Twins and triplets look cute with their similar faces, cute smiles and matching clothes. But ask their parents, especially their mother and you will realize that twins and triplets mean exhaustion, frustration, and tears for the mother. And this starts right from pregnancy.
In his book “Twins 101: 50 Must-Have Tips for Pregnancy through Early Childhood from Doctor M.O.M,” Dr. Khanh-Van Le-Bucklin stresses to parents to aim for fairness, not equality. And in this simple advice lies the secret of raising twins and triplets.
Most parents aim for equality but things are never equal with twins because they are individuals trapped with the same features and so they are treated as ‘one’ their entire lives, when they are actually two distinct individuals. Ask a mother of twins and she will confirm that when one child wakes up, the other child feels sleepy. When one child is active, the other child wants food.

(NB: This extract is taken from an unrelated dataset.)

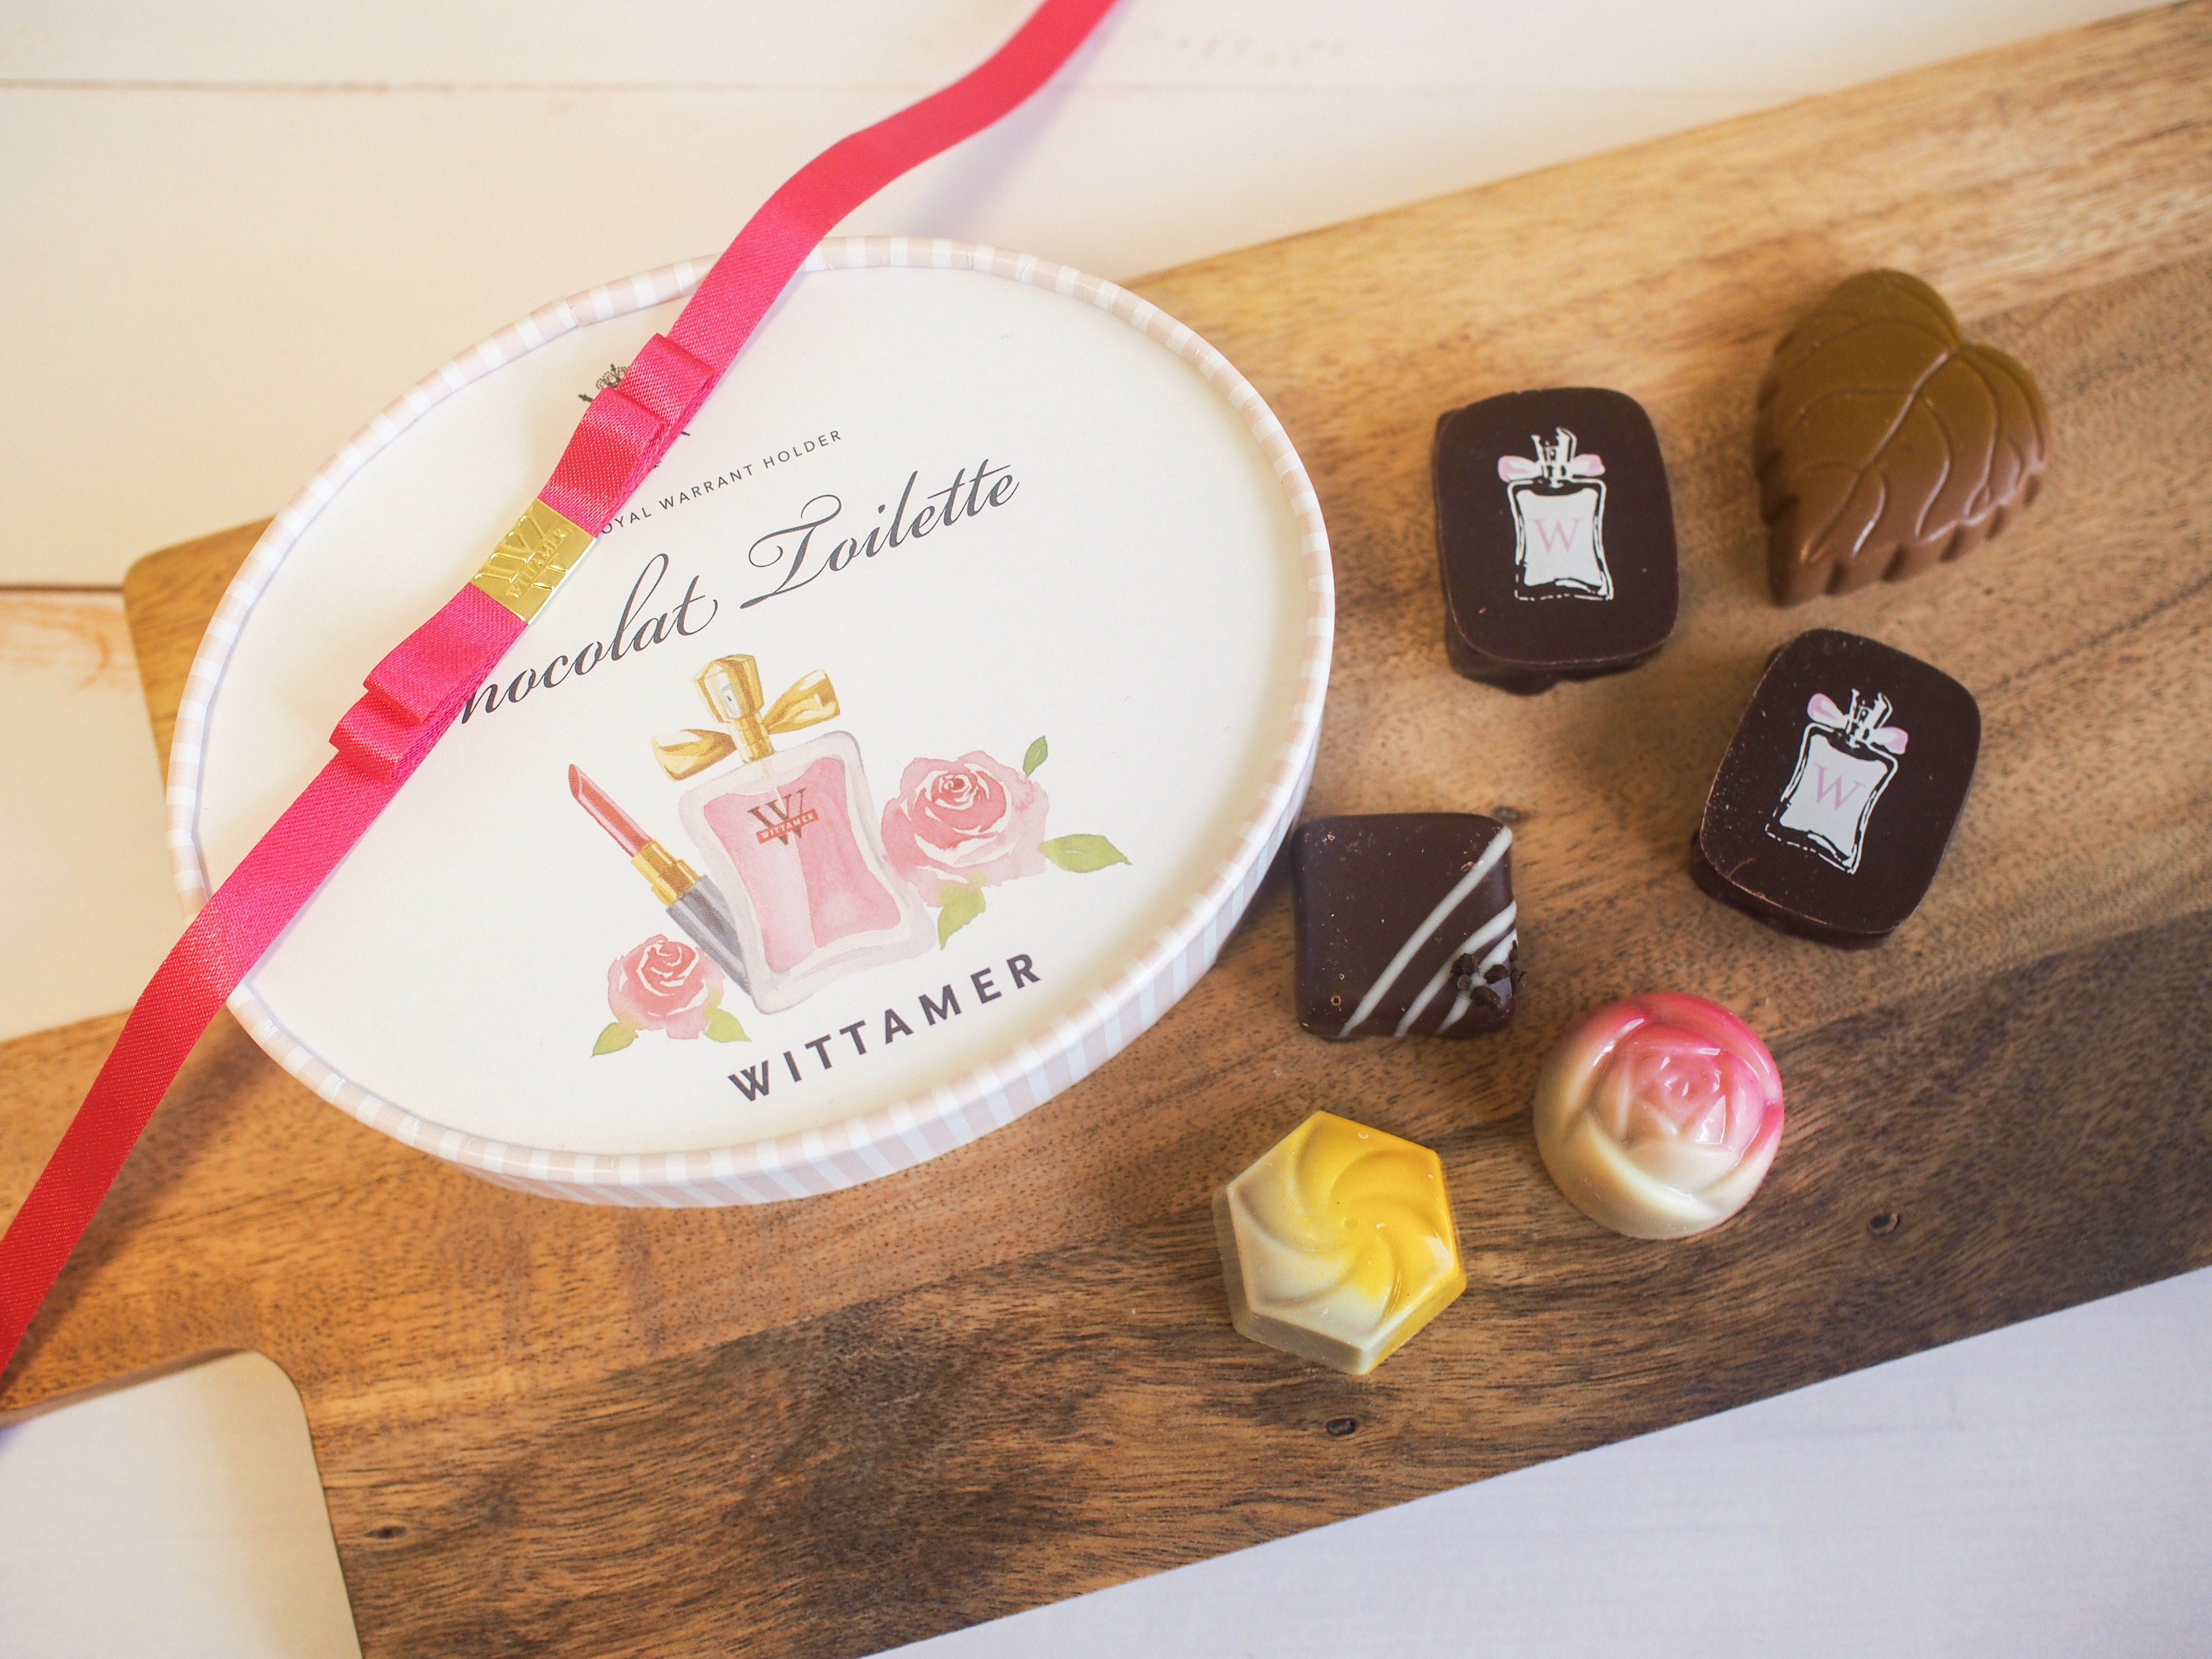 まるで宝石箱!!大切な人に贈りたいヴィタメールの「ショコラ・トワレ」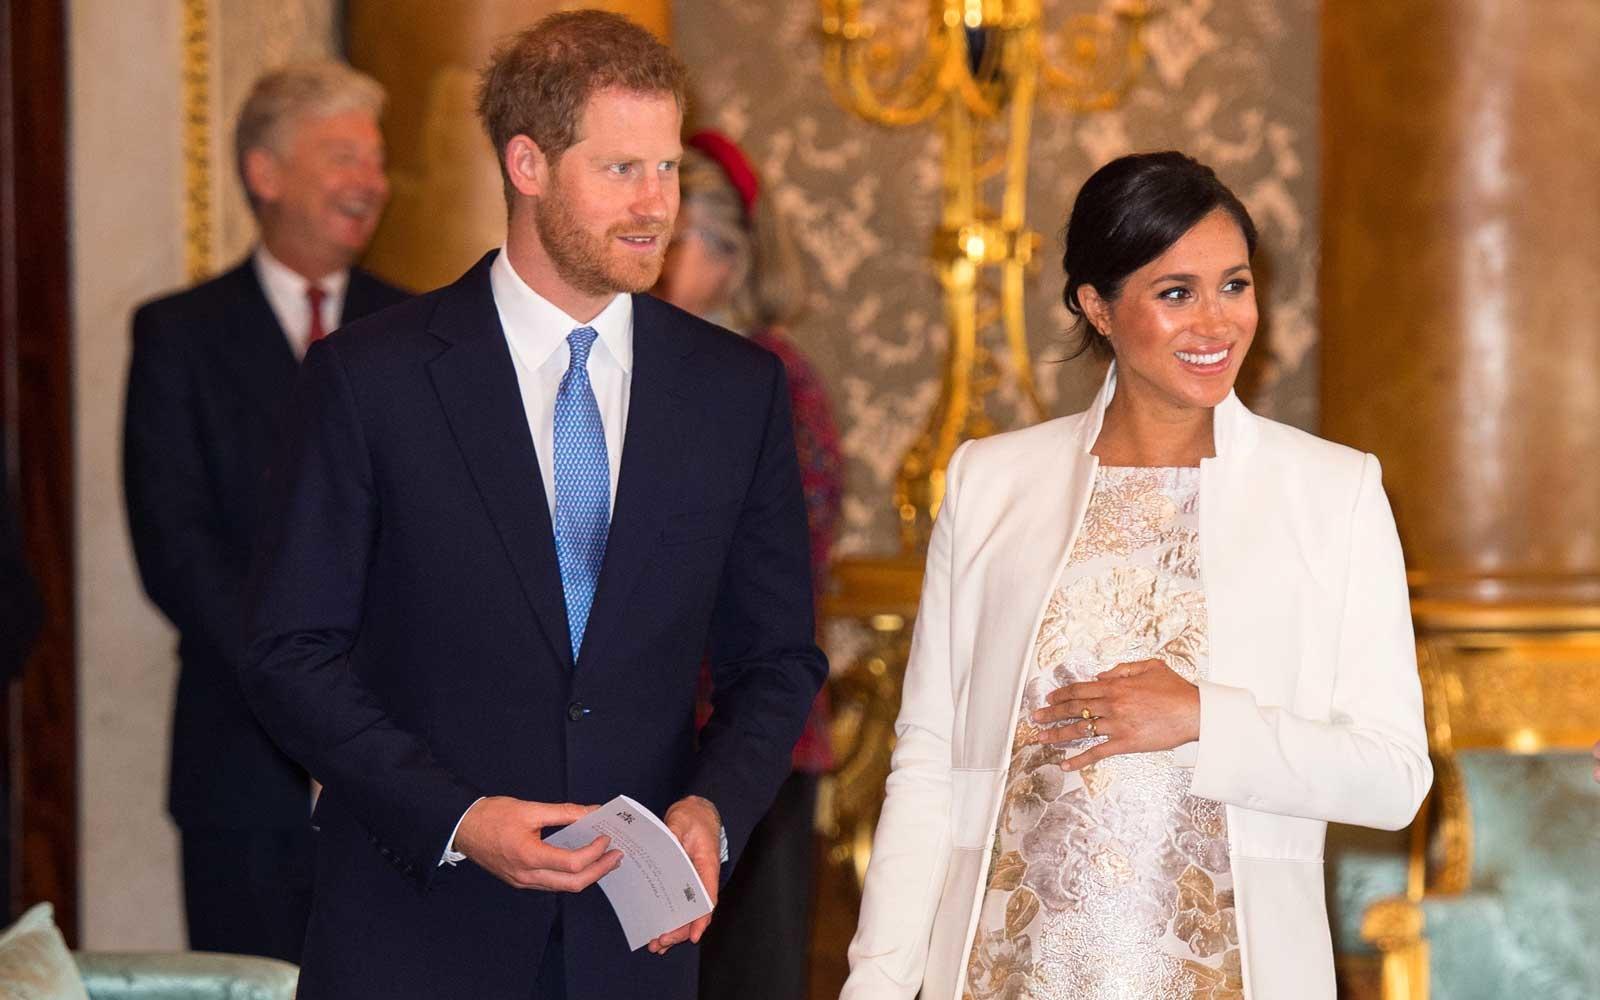 梅根王妃诞下男婴 英媒:新生儿不会在媒体前亮相

And so it is a roller coaster ride because one or the other always needs help, attention and support.
Some simple tips for parents with multiple children:
- Prepare for life after birth as soon as you know that you will be giving birth to multiple children. Think of how you can get extra help. Mothers please don’t try to do it on your own, it may be possible, but in the long run you will break down.
- Try not to buy everything similar for the kids. Learn to notice the individuality of each baby and let that blossom. Yes, they are growing up together so each child will want what the other has, so learn when to give in and when not to give in.
- They will fight for everything and they will team up against you! Yes expect these extremes, so try and have slightly separate schedules for your children so that you can give both your children an equal amount of attention. If this is not possible, then try and give both your children equal attention during particular activities/every day rituals or you will end up always giving maximum attention to the demanding twin.
- Yes, one child is always dominant and one child is submissive. So early on, identify which child has which trait and match your parenting to their temperament.
- Give your self at least 20 minutes a day where you can unwind alone. It may appear to seem impossible in your mind but you need to plan it and you will achieve it.
- No amount of reading will prepare you to be a parent of twins because the secret is ‘temperament’ and it all depends on the temperament of your twins. So learn to recognize and adapt to it right from birth. Remember when parents ‘tamper with temperament’ it leads to ‘tantrums’.
Turn the word twins into an acronym and you will be able to bring some sense into the chaos called ‘twin parenting.’
T– TERRIFIC NOT TERRIBLE
Once the shock of knowing that you are having twins wears off, you will soon realize the benefits. You have completed your family in one shot. Both your children will grow up together, both will have a sibling and friend and you will soon be free to pursue your dreams as they will both grow up and become independent in no time. Yes it means double the cost and responsibility, so plan as soon as you get the news but stop feeling terrible about it.
W– WIN-WIN FOR ALL
When faced with a choice or a dilemma, choose the option in which everyone comes out a winner. To do that you may have to be firm sometimes but it works.
Treat each twin as in individual or you risk your twins having emotional issues. So try to not to have favorites and train yourself to think as per the situation. If each twin needs a separate schedule, then do that. If both children are happy doing everything together, then encourage that. But don’t let either one of your children make the decisions for you, you need to make decisions based on the circumstance and situation at hand.
N– NO- AND STICK TO IT
Learn to say NO, and then stick to it. Bawling twins are a handful but once they realize that you are firm, they will adjust to your ways. Don’t be worried about being firm with
the naughty one. Children have to realize early on that good behaviour will be accepted and incorrect behaviour will not be accepted.
S- SHARE YOUR WORK
Handling twins is not a one person job, so plan in advance and thinking about who can help your raise your little ones. Could it be your husband, your mother, your sister, a nanny or a baby sitter? Choose wisely and ensure that you don’t divide the work but rather share the responsibilities. This means that you can’t allow for one person to be looking after one twin and for you to always be handling the other twin because this would breed sibling rivalry and mean more trouble for you.
In school or in a childcare setting, please guide the teacher on how to identify between the two, so that it is easier for the teacher and this in return will boost your children’s self esteem as the teacher can identify them individually. Ideally try not to keep twins together in the same class as they will always be compared to one another. But some twins prefer to be together, either way ensure that the teacher/other staff treat them as individuals and not as ‘mirror images’. And yes if there is no uniform, do dress them differently. Let each child’s identity flourish and work on ensuring that they are not just labelled ‘twins.’